Thursday, February 25, 2010

Capital Is Fleeing Greece, Run on Banks

The Wall Street Journal reports that capital is fleeing greece as rich Greeks are withdrawing their money from banks and sending it abroad. They fear government scrutiny on their assets and a run on the banks. Such run would occur if the country turns to the I.M.F., according to private bankers and other people with knowledge of the situation, who say that number of customers are asking to move funds out of Greece (mostly to Cyprus, Luxembourg and Switzerland).

The country has long strugggled with underground economy and undeclared and unpaid taxes. The current fiscal situation means that that underground economy will be a prime attack target. The government suspects that 30% of income is not taxed.

"Part of the government's austerity package for this year is a declaration of war on income that hasn't been taxed. While the government hasn't ironed out details, that's prompted fears among wealthy individuals that there will be new taxes on bank accounts".

"Clients of private banks also fear that Greece may be unable able to raise the €54 billion it needs this year to pay back maturing bonds and will therefore have to turn to the IMF for help.
"Some of our clients are concerned about a run on the banks if the IMF gets involved," said another private banker, this one from a foreign bank. "They believe the situation in Greece will get worse before it gets better. There is also very little clarity from the government about its intentions on new tax measures."

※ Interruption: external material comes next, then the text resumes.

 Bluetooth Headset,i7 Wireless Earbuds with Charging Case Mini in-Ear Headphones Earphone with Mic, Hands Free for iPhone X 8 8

"We estimate that €8 billion has moved out of Greece to accounts abroad since December. It's money from bank accounts, stock sales, property sales and other sources," he said, adding that that represented a substantial chunk of the €30 billion under management in Greek's private banks".

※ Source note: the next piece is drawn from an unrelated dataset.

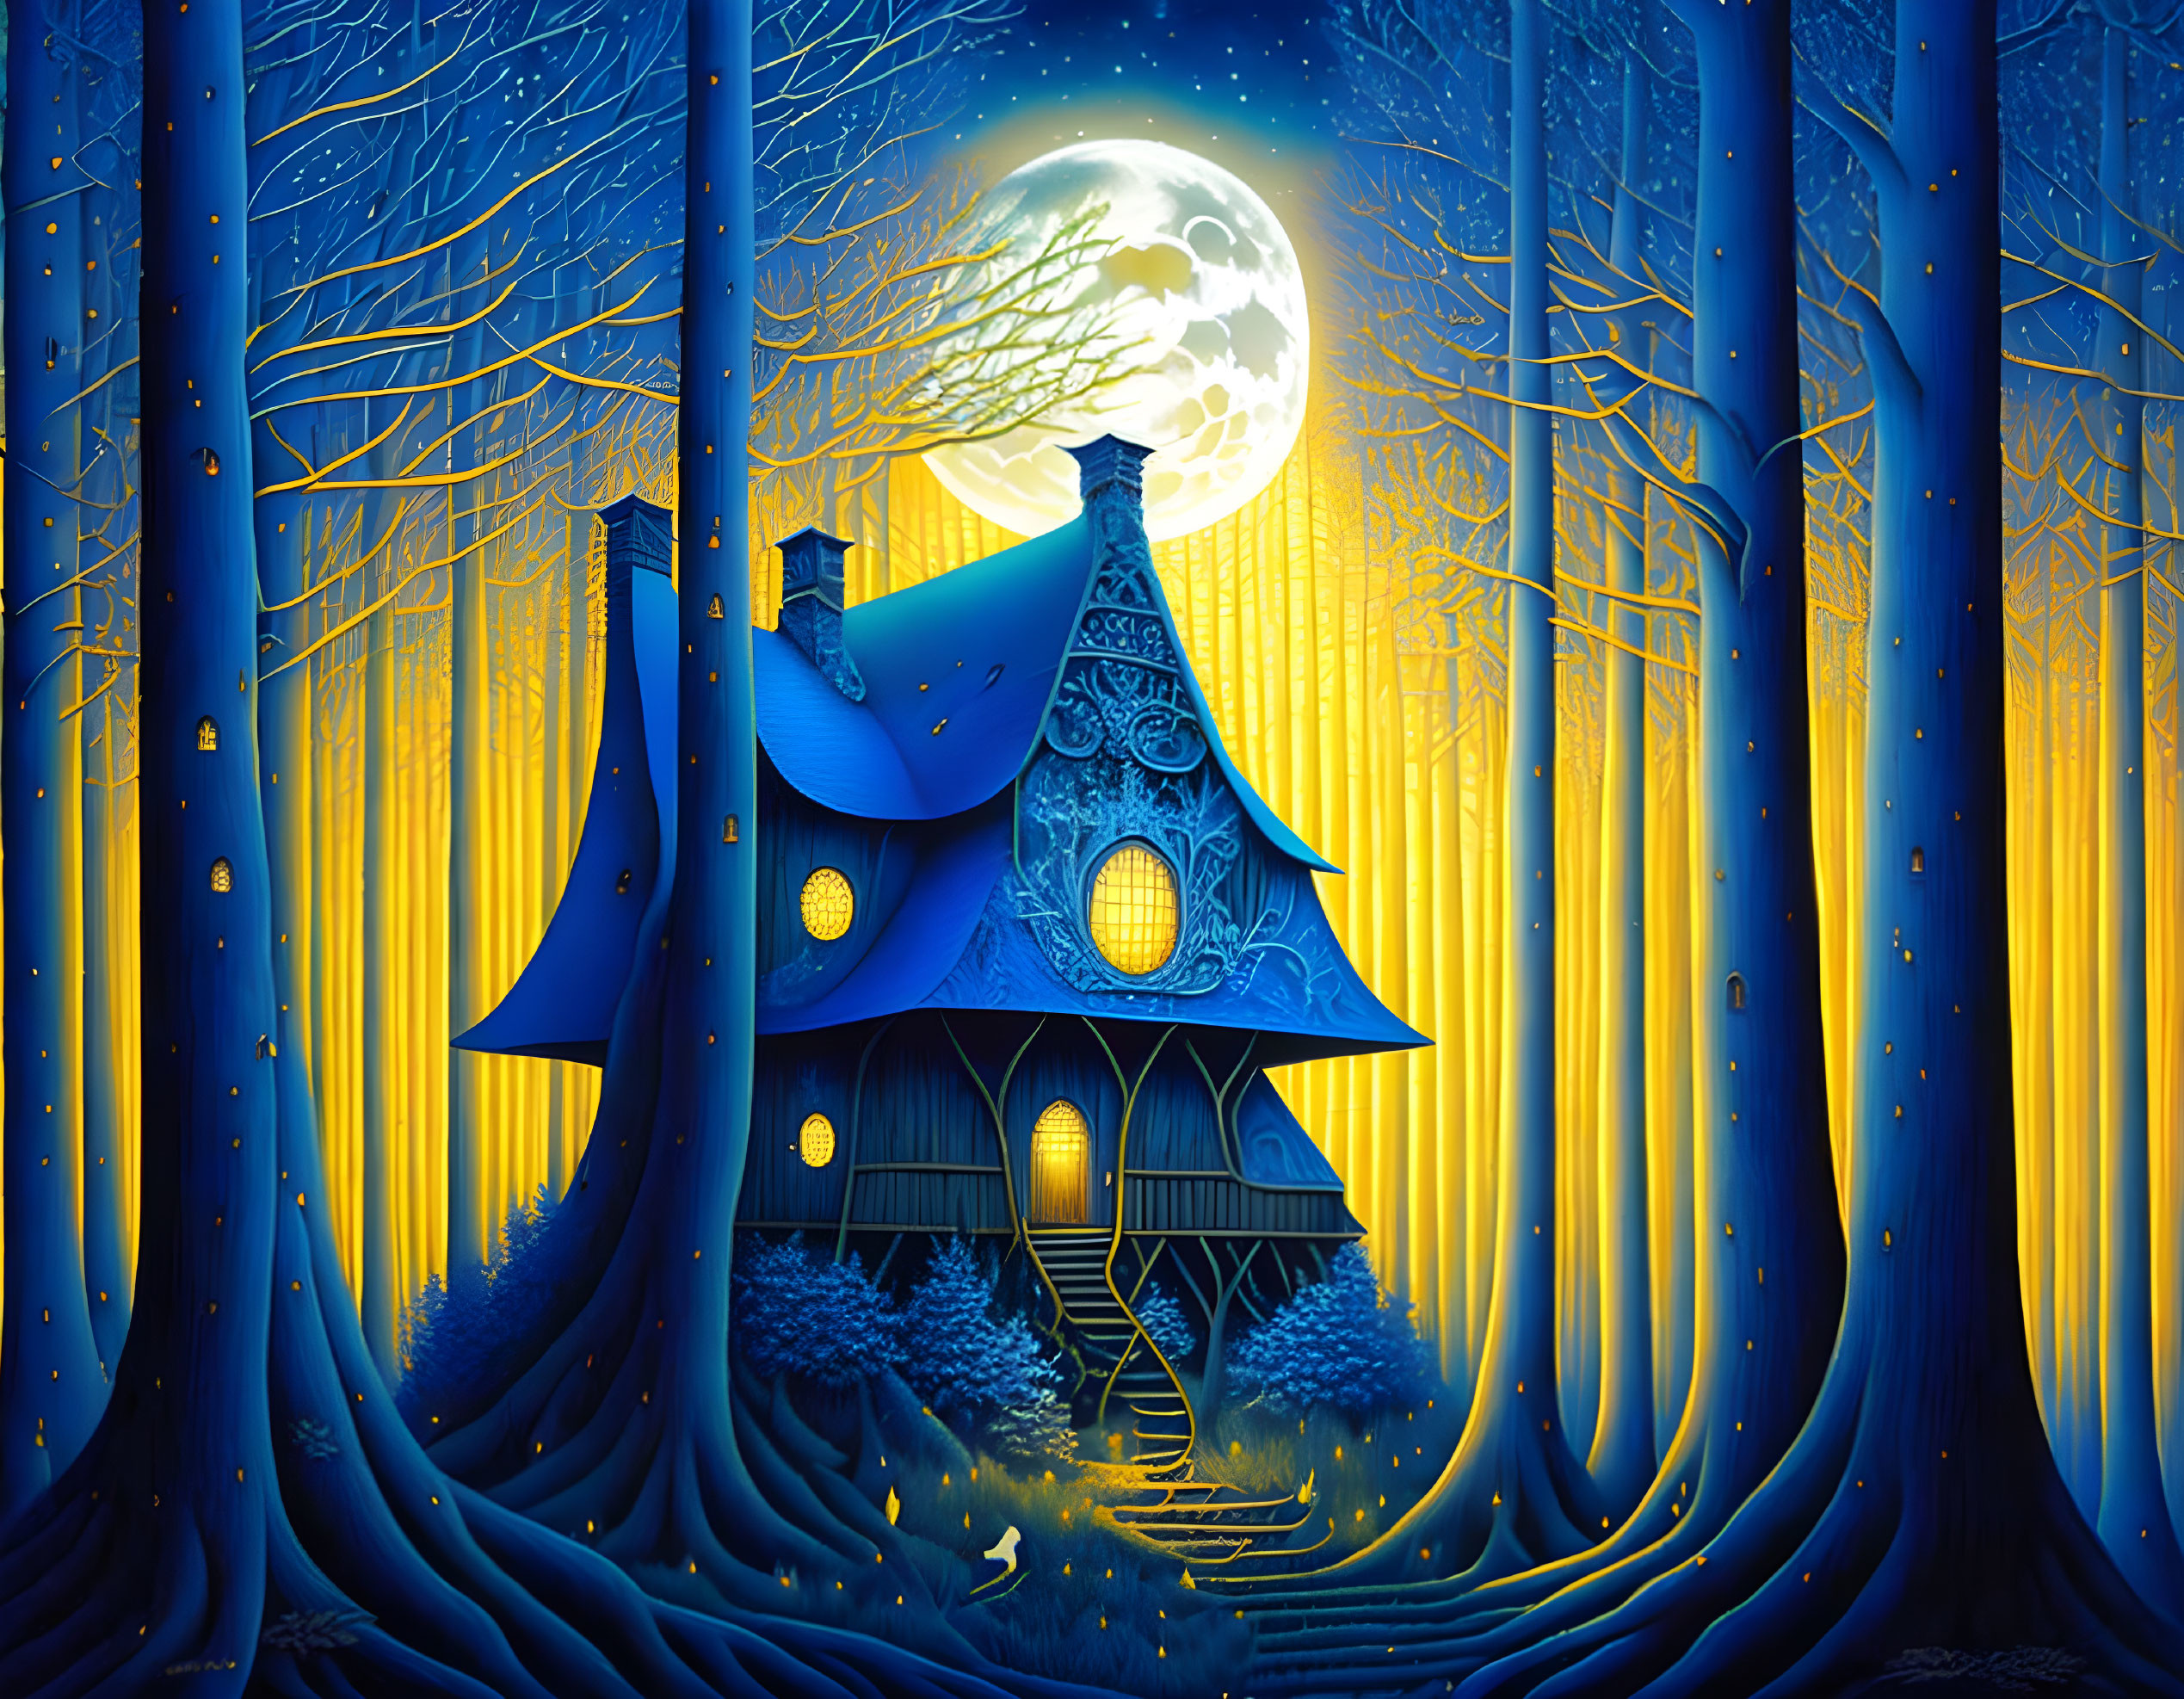 Enchanting blue house in mystical forest under full moon

Finance Minister George Papaconstantinou urged Greeks with money abroad to repatriate their money and said the capital will be taxed at a 5% rate. He said those who choose to keep their money abroad should declare their deposits and pay a tax of 8% for the first six months.
Thereafter he threatened that Greece will use all laws at its disposal, such as double-taxation agreements, to ask foreign banks for information on Greek account holders.

"For us this is the first step towards taxing all accounts in Greece," said the chief financial officer of a major Greek shipping company. "The line is minimum deposits here and moving all assets abroad,"

"Money will flow back into Greece when the situation returns to normal. This won't happen for at least a year and there is not a lot of trust for the Greek banking system right now," he added.